Single-writer guarantee: A distributed cache rebuilder should only be executed by one node at a time. If two nodes simultaneously rebuild, they might write partial or conflicting data.
Cron job deduplication: In a Kubernetes deployment with N replicas, a scheduled task (send daily emails, archive old records) must run on exactly one pod. A distributed lock ensures only the winner executes.
Leader election: In a replicated database or streaming system, nodes compete for leadership. The winner writes; followers replicate. A distributed lock (or lease) is the foundation of this pattern.
Rate-limited API calls: A third-party API allows one request per second. Multiple workers must coordinate so only one sends a request in each time window.

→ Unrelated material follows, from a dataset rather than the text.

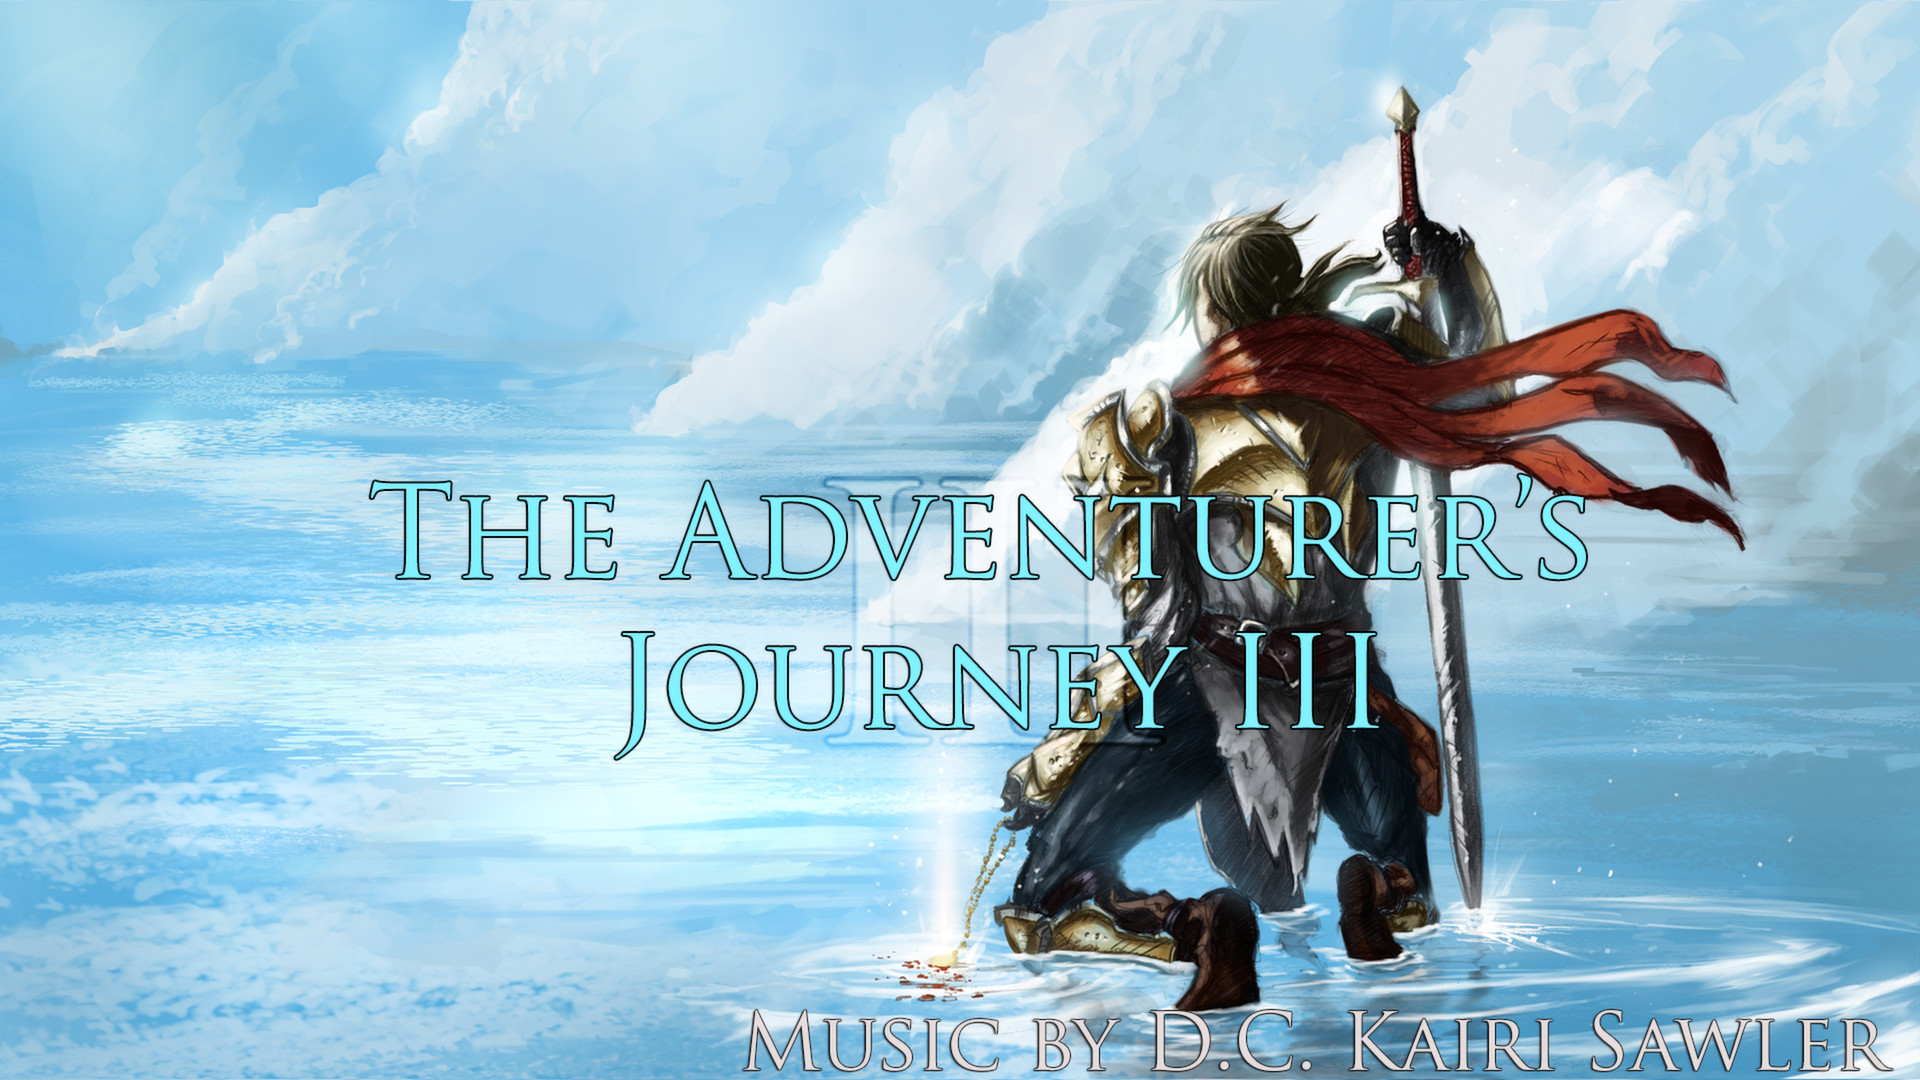 RPG Maker VX Ace - The Adventurer's Journey III DLC Steam CD Key 4.51 $

Key insight: Distributed locks are not about performance—they are about correctness. If two processes both believe they hold the lock, data corruption or business-logic violations can follow.

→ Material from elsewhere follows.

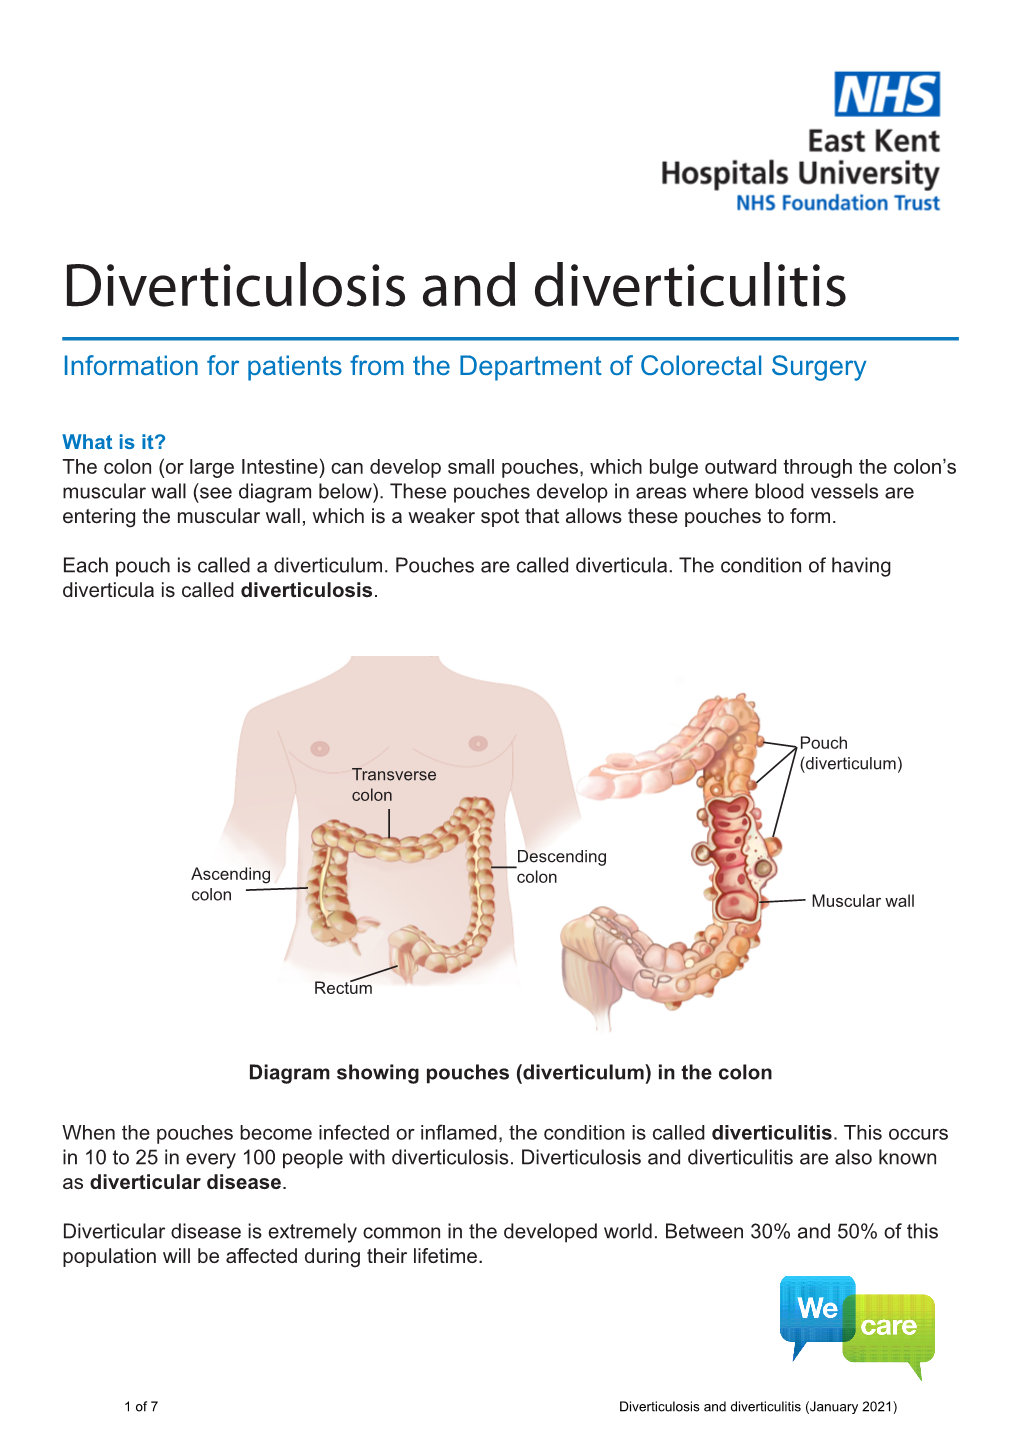 Diverticulitis and Diverticulosis

Properties of a Good Distributed Lock

Not all distributed locks are created equal. A robust implementation must satisfy several properties, formalized in the literature as safety and liveness guarantees:

Property	Type	Description
Mutual Exclusion	Safety	At most one client can hold the lock at any given time. This is the fundamental guarantee. If this breaks, the lock is useless.
Deadlock-Free	Liveness	Even if a client crashes while holding the lock, the lock must eventually be released. Typically enforced via TTL (time-to-live) or session expiration.
Fault Tolerance	Availability	The lock service must remain operational even if some nodes fail. A single-node lock server is a single point of failure.
Fencing Tokens	Safety (extended)	Each lock acquisition produces a monotonically increasing token. Resource servers reject stale tokens to prevent delayed writes from a previous lock holder.

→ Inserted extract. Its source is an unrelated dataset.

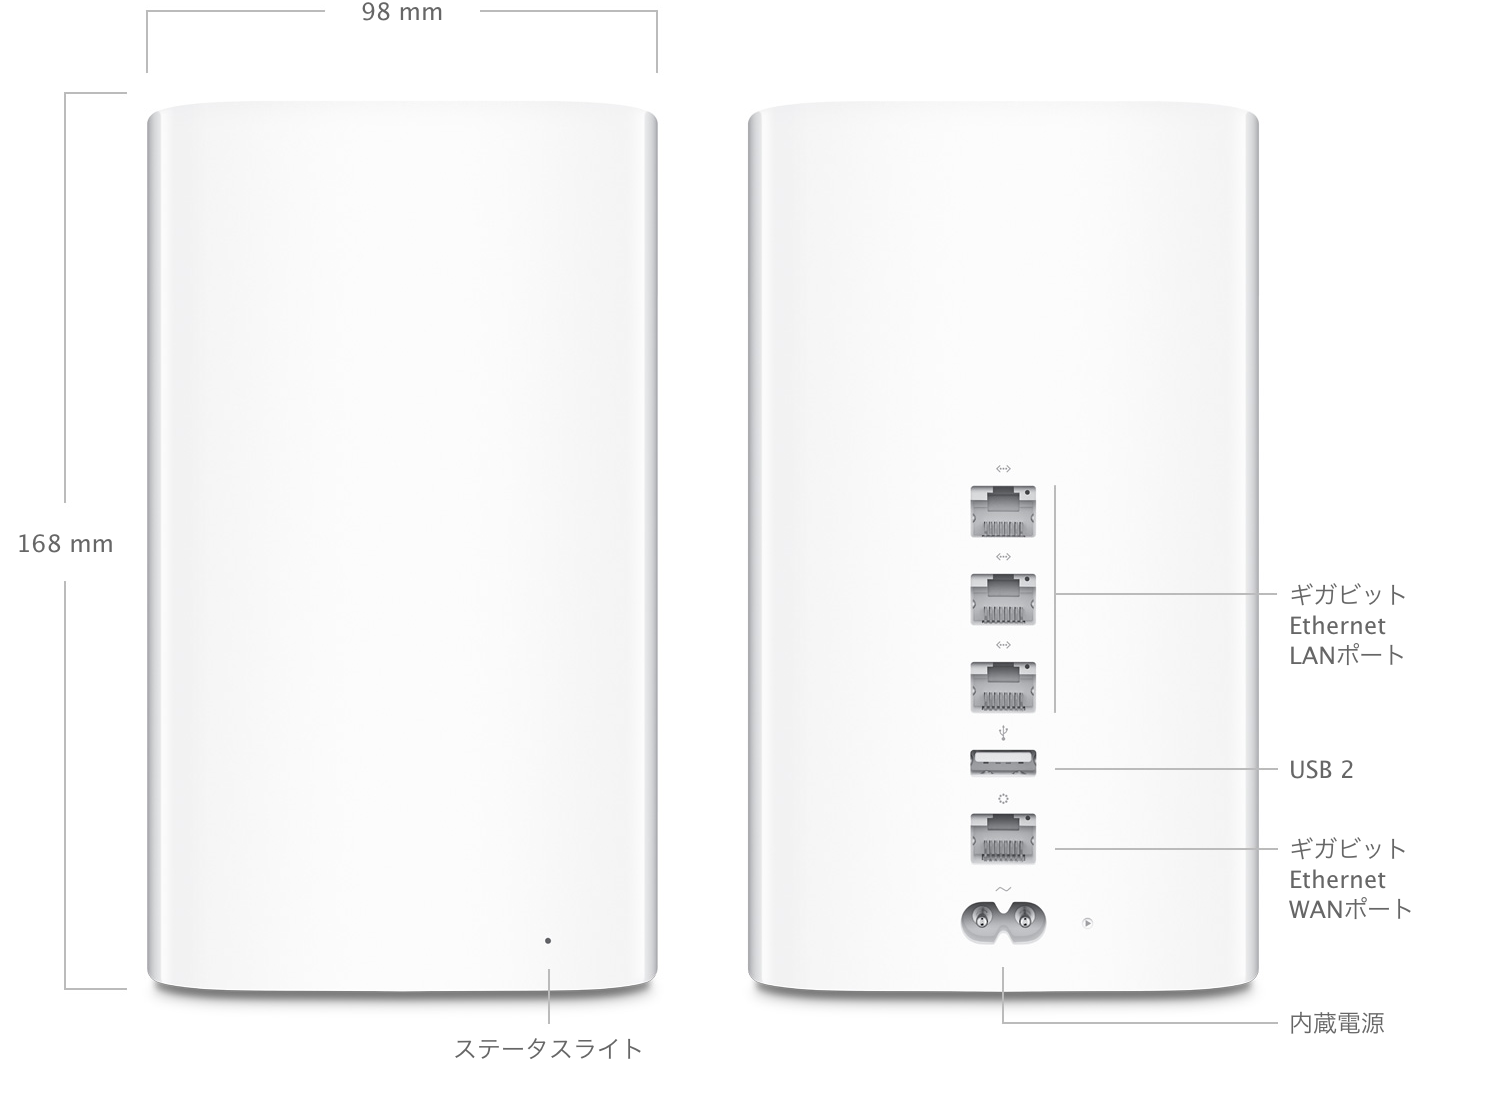 AirMac Extreme 802.11ac - 技術仕様 - Apple サポート (日本)

The first three are widely agreed upon. The fourth—fencing tokens—was highlighted by Martin Kleppmann as essential for correctness in asynchronous systems. We will explore it in depth in a dedicated section.

Redis-Based Locking

Redis is the most popular choice for distributed locking because of its low latency and simplicity. The basic pattern uses a single Redis instance:

Acquiring the Lock

# SET key value NX EX ttl
# NX  = only set if key does NOT exist (mutual exclusion)
# EX  = set TTL in seconds (deadlock-freedom)
# value = a unique random string identifying THIS client

SET my_lock "client-a-uuid-123" NX EX 30

# Returns OK if the lock was acquired
# Returns (nil) if someone else already holds it

The NX flag ensures atomicity—only one client wins the race. The EX 30 sets a 30-second TTL so that if the client crashes, the lock auto-releases. The random value identifies the lock owner, preventing accidental release by another client.

Releasing the Lock

You must not simply DEL my_lock. If the TTL expired and another client acquired the lock, you would delete their lock. Instead, use a Lua script for atomic check-and-delete:

-- Lua script: release only if the value matches our unique ID
if redis.call("GET", KEYS[1]) == ARGV[1] then
    return redis.call("DEL", KEYS[1])
else
    return 0
end

-- Execute from client:
EVAL "if redis.call('GET',KEYS[1])==ARGV[1] then return redis.call('DEL',KEYS[1]) else return 0 end" 1 my_lock "client-a-uuid-123"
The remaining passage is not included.